Let’s turn ‘Mr Anyone’ into ‘Paul’. He had a great time during the last Lockdown. He works for an online publisher, and he can work from home, he loves his job (he’s a cartoonist), he did not lose any wages, and his job is relatively secure. Paul doesn’t like other people much, so pubs and shops being closed – that doesn’t bother him. In the last Lockdown, he enjoyed the quietness of the streets. The prospect of another full Lockdown doesn’t make him feel sad. His mood has slightly improved, at the prospect of a return to greater quietness.
So, let’s now consider a Mrs Anyone. She’s called Paula. Her experience during the last full Lockdown was terrible. I’ll not go into the details here. We know how bad it got for many people the last time. So, let’s just say: for Paula, the prospect of facing another full Lockdown is shaped hugely by her memory of a very bad time and her fear of facing another bad time.

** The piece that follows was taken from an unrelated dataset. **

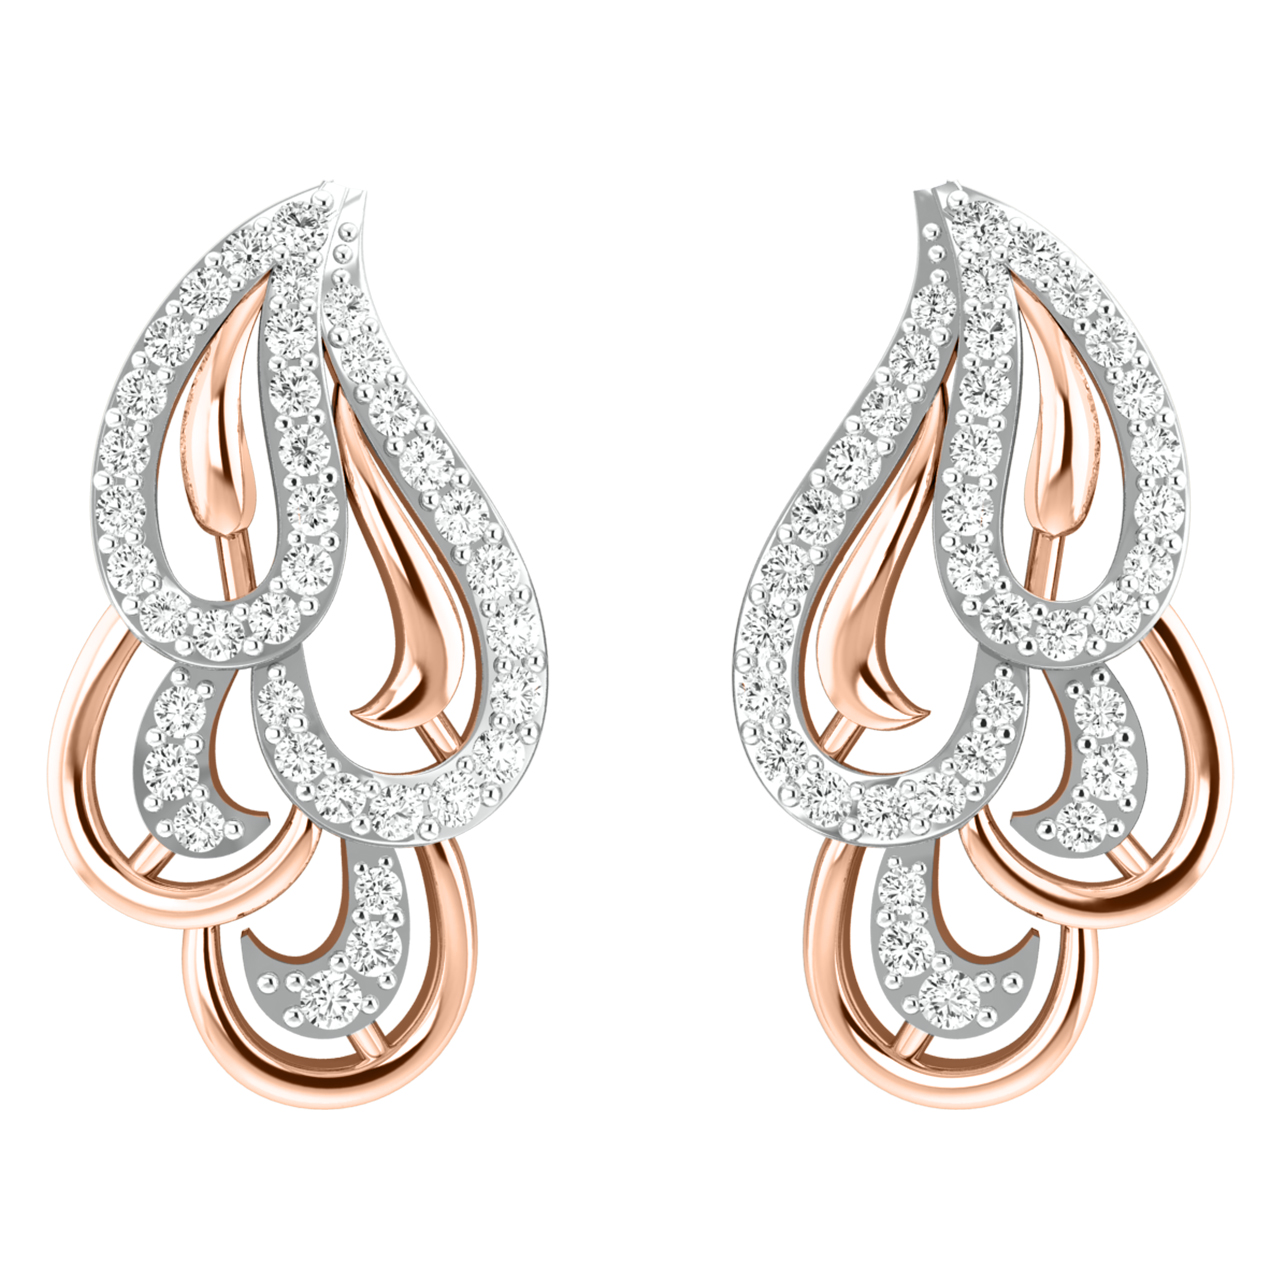 The Marina Diamond Earrings For Her

On the surface of things, Paul and Paula face the same new Lockdown. The same prospect or the same fact. For Paul, the prospect seems to have little or no effect on his mood; for Paula, the prospect brings terror. What matters to them is the idea or memory of what a Lockdown means. It means something so different to each that it’s not just a different idea, it’s also a different experience. It begins with the same name: Lockdown; and on the surface, it’s the same fact, but it’s also not the same fact, under the surface. It’s a different world. No wonder their moods are not the same.

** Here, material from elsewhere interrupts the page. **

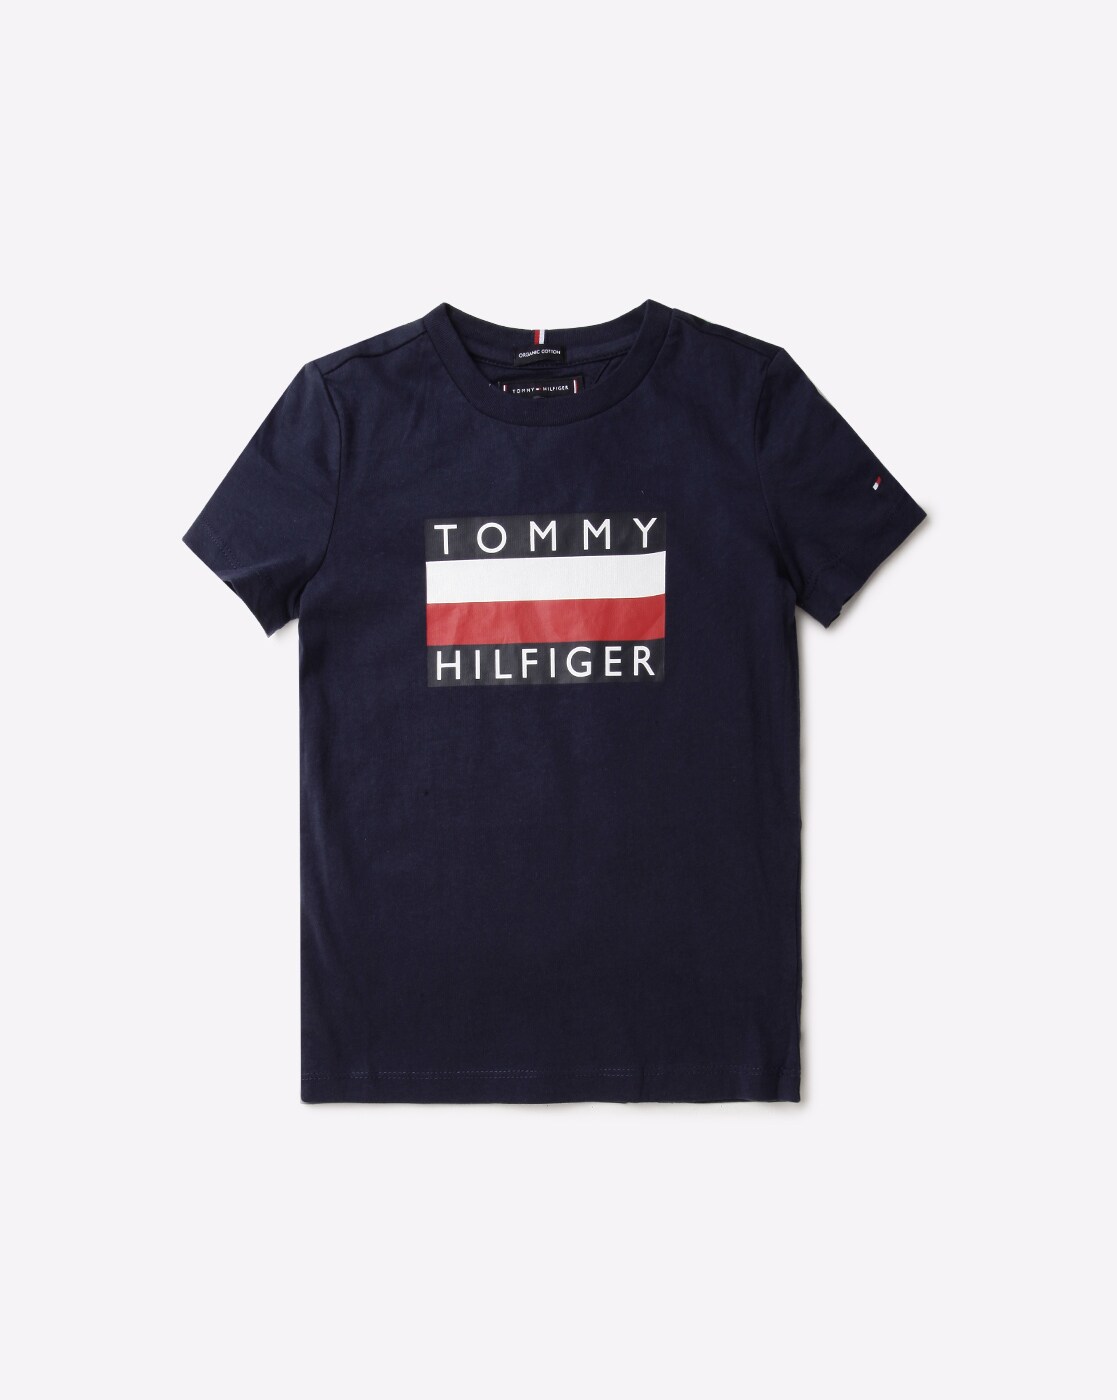 tommy hilfiger shirt navy blue

My gran was terrified of feathers. She could not go near a woman who had a feather in her hat. It stemmed from when my gran was a baby, and a pigeon flew down on to her pram and fluttered around frantically for a few seconds. It became a fear that never left her. Some people couldn’t understand it. “It’s just a feather.”
In my silent, magical dictionary, there are a couple of other meanings suggested for the word ‘mood’. One of these is: ‘the atmosphere or pervading tone of something’. The example given is a ‘concept album’, with no actual album named. I thought of Jeff Wayne’s The War of the Worlds, released in 1978. The mood of it is very creepy, evoking the original creepiness of the 1898 novel by H.G.Wells, and helped along by Richard Burton’s narration. I probably thought of that album because I tend to associate ‘mood’ with stories and books. Sometimes, movies. Occasionally, plays. Very occasionally – a concept album.
Walter de la Mare wrote some of the most atmospheric stories I have ever read. Consider, for example, this extract from The Almond Tree, a short story first published in 1909. The narrator is a man reminiscing about his tragic childhood:
‘All the long night before and all day long, snow had been falling continuously. The air was wintry and cold. I could discern nothing beyond the porch but a gloomy accumulation of cloud in the twilight air, now darkened with the labyrinthine motion of the snow. My father glanced back for an instant into the house, and, as I fancy, regarded me with a kind of strange, close, earnestness. But he went out and his footsteps were instantly silenced.’
Here, the words ‘gloomy’ and ‘strange’ are used, but it is something else which creates the strange, gloomy mood. Could it be the rhythm of the words?
The great novelist Virginia Woolf once wrote in a letter, in 1926: ‘Style is a very simple matter; it is all rhythm. Once you get that, you can’t use the wrong words. But on the other hand here am I sitting after half the morning, crammed with ideas, and visions, and so on, and can’t dislodge them, for lack of the right rhythm. This is very profound, what rhythm is, and goes far deeper than words. A sight, an emotion, creates this wave in the mind, long before it makes words to fit it.’
Our mood can be shaped by the rhythm of words or ideas or things happening to us. A fluttering pigeon, days of quietness, days of sadness. We are not our moods, but they matter. For many of us, the touch of a feather is barely felt. For others, it is the touch of pure terror. Perhaps, the mood of an era can be a bit like that.